**DATA SECTION:**
* * * * * * * * *

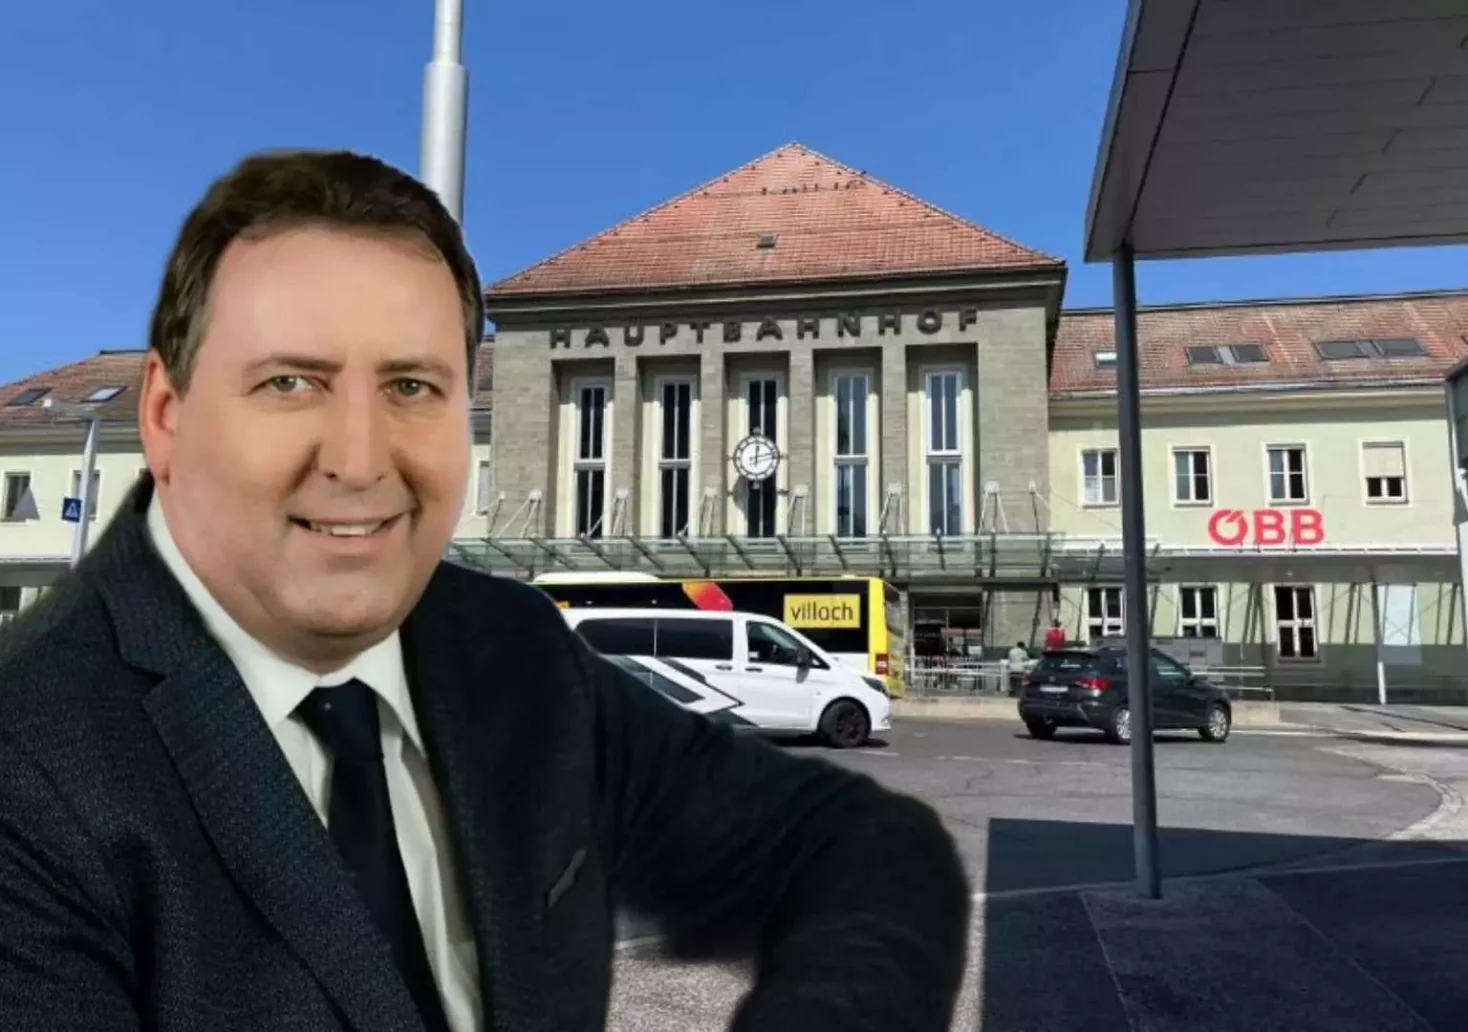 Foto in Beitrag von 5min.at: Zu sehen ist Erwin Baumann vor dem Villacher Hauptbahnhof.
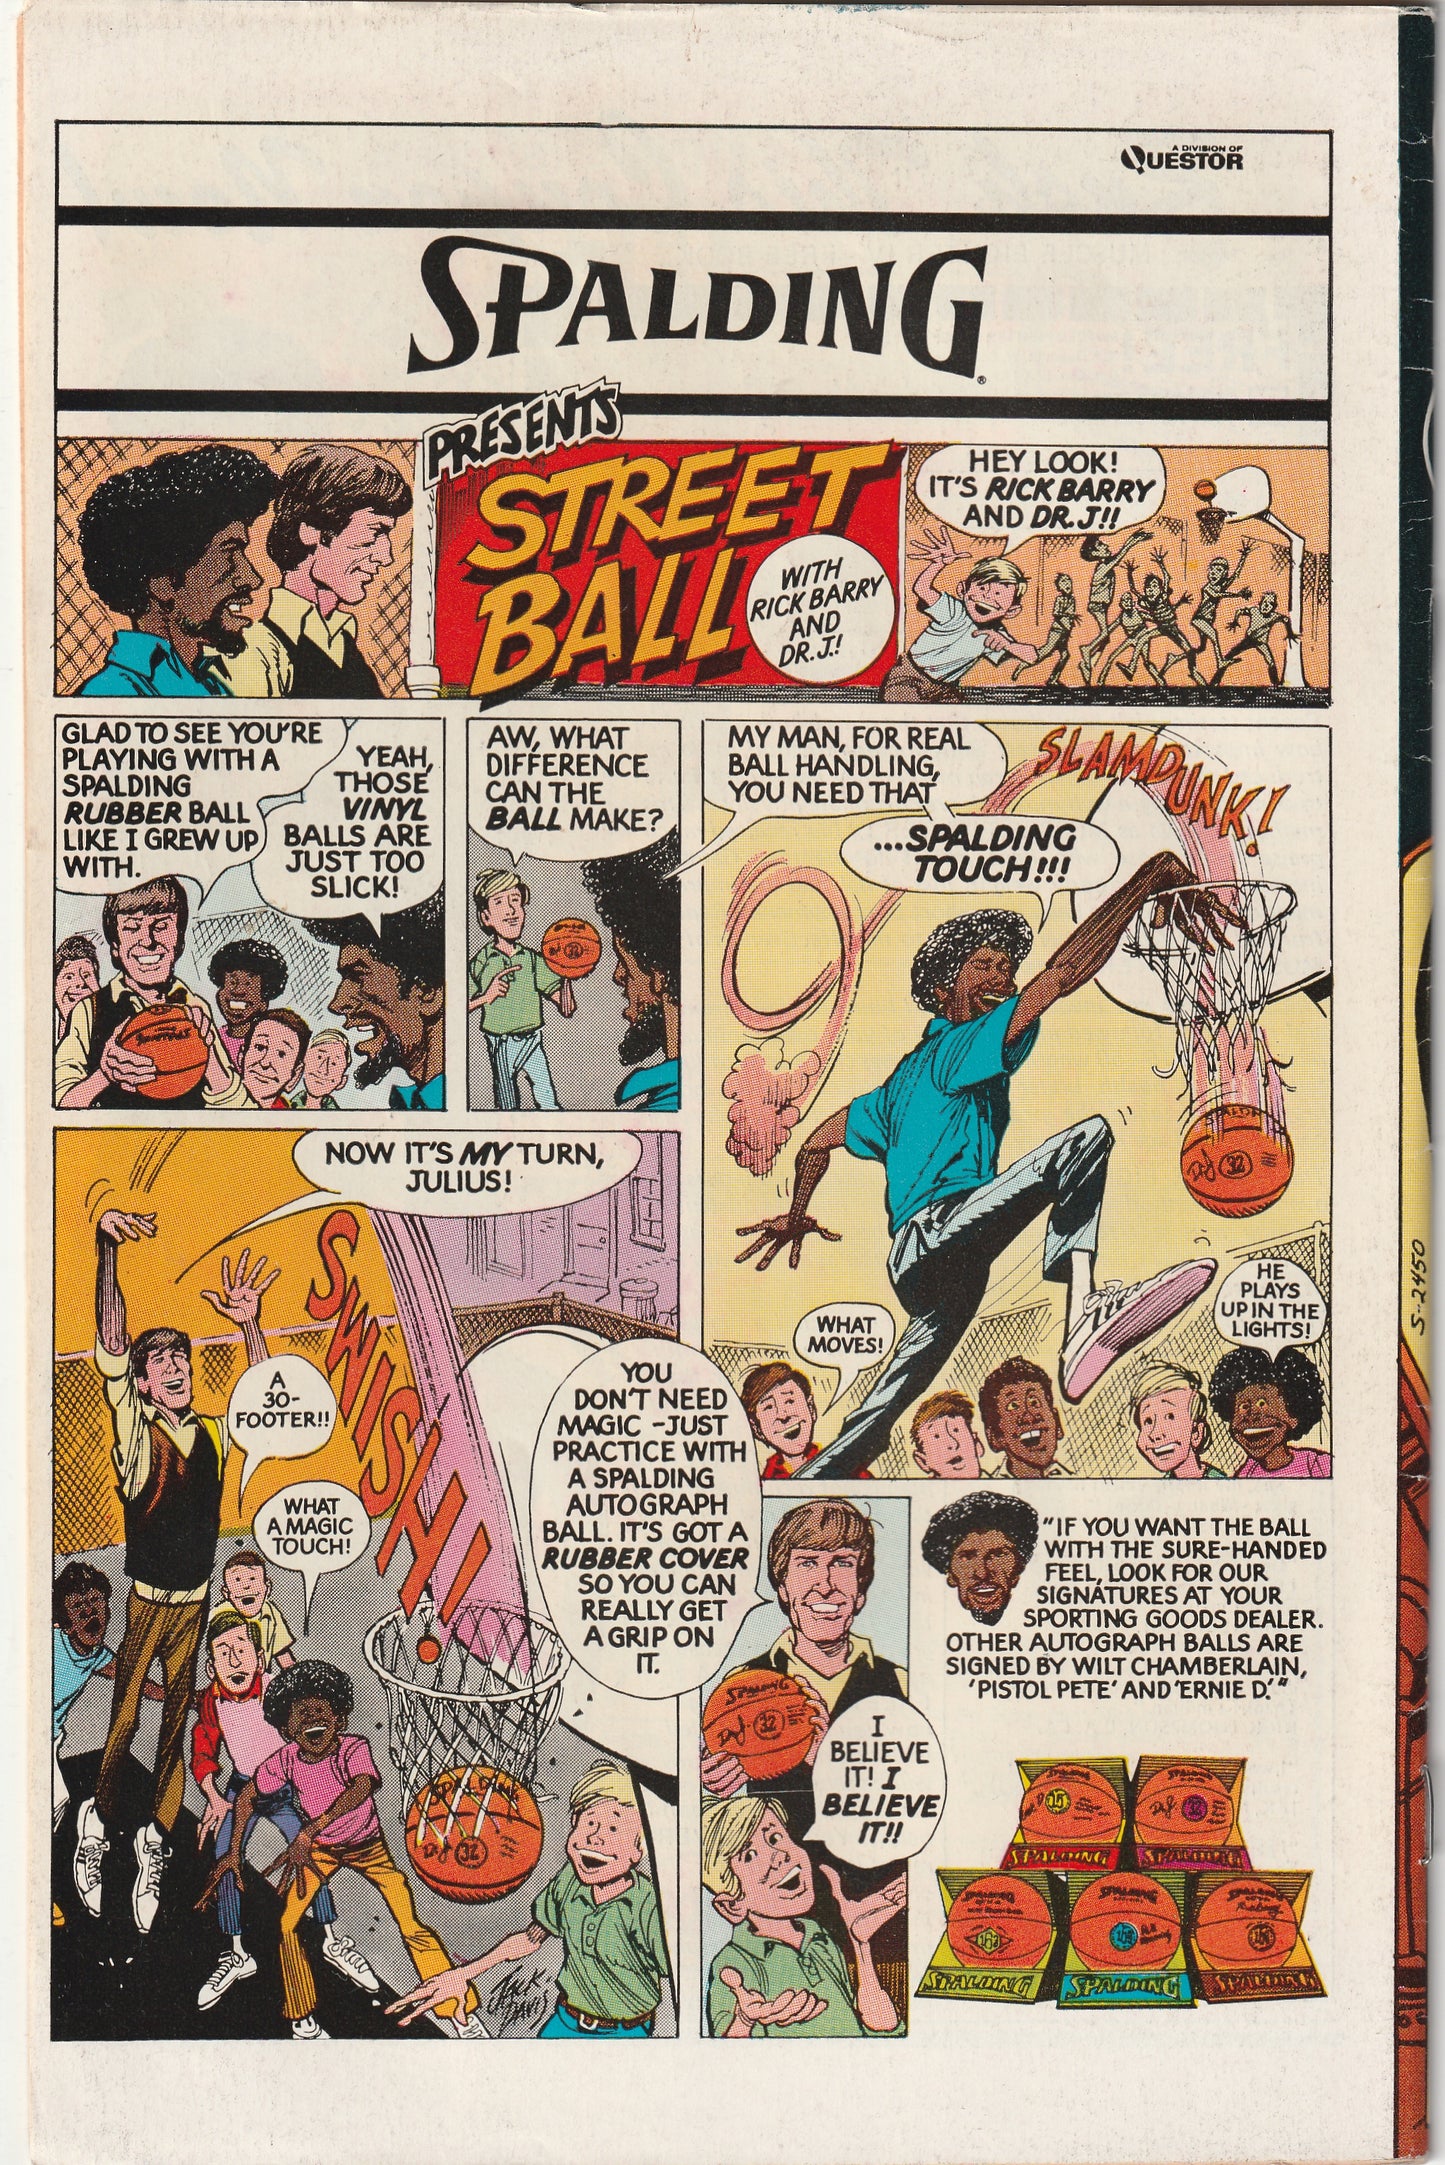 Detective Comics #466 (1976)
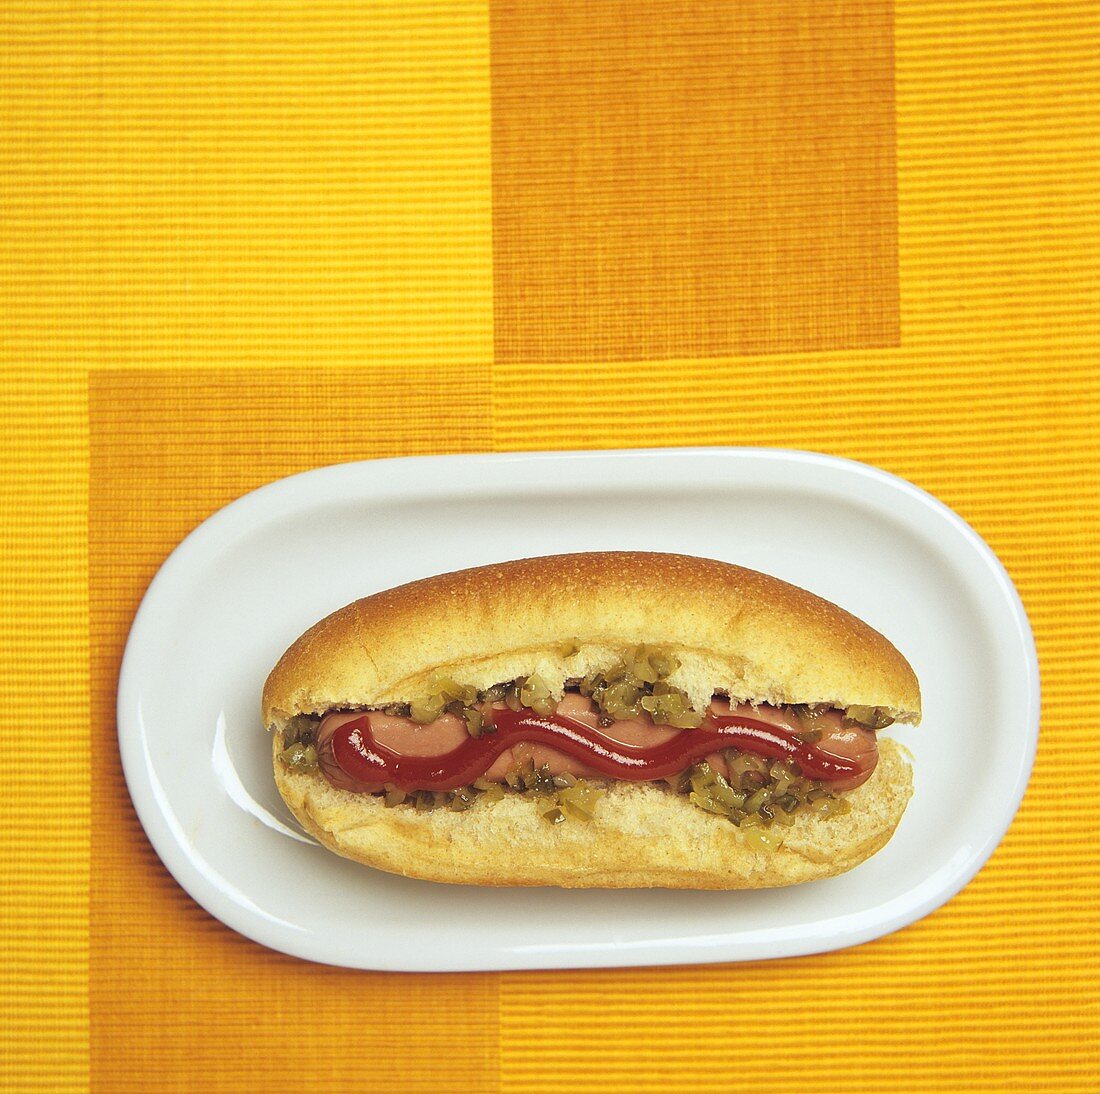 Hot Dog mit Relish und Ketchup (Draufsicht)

* * * * * * * * *

Repeat the data above exactly, images excluded.

**ANSWER:**
 Foto in Beitrag von 5min.at: Zu sehen ist Erwin Baumann vor dem Villacher Hauptbahnhof.
 Detective Comics #466 (1976)
 Hot Dog mit Relish und Ketchup (Draufsicht)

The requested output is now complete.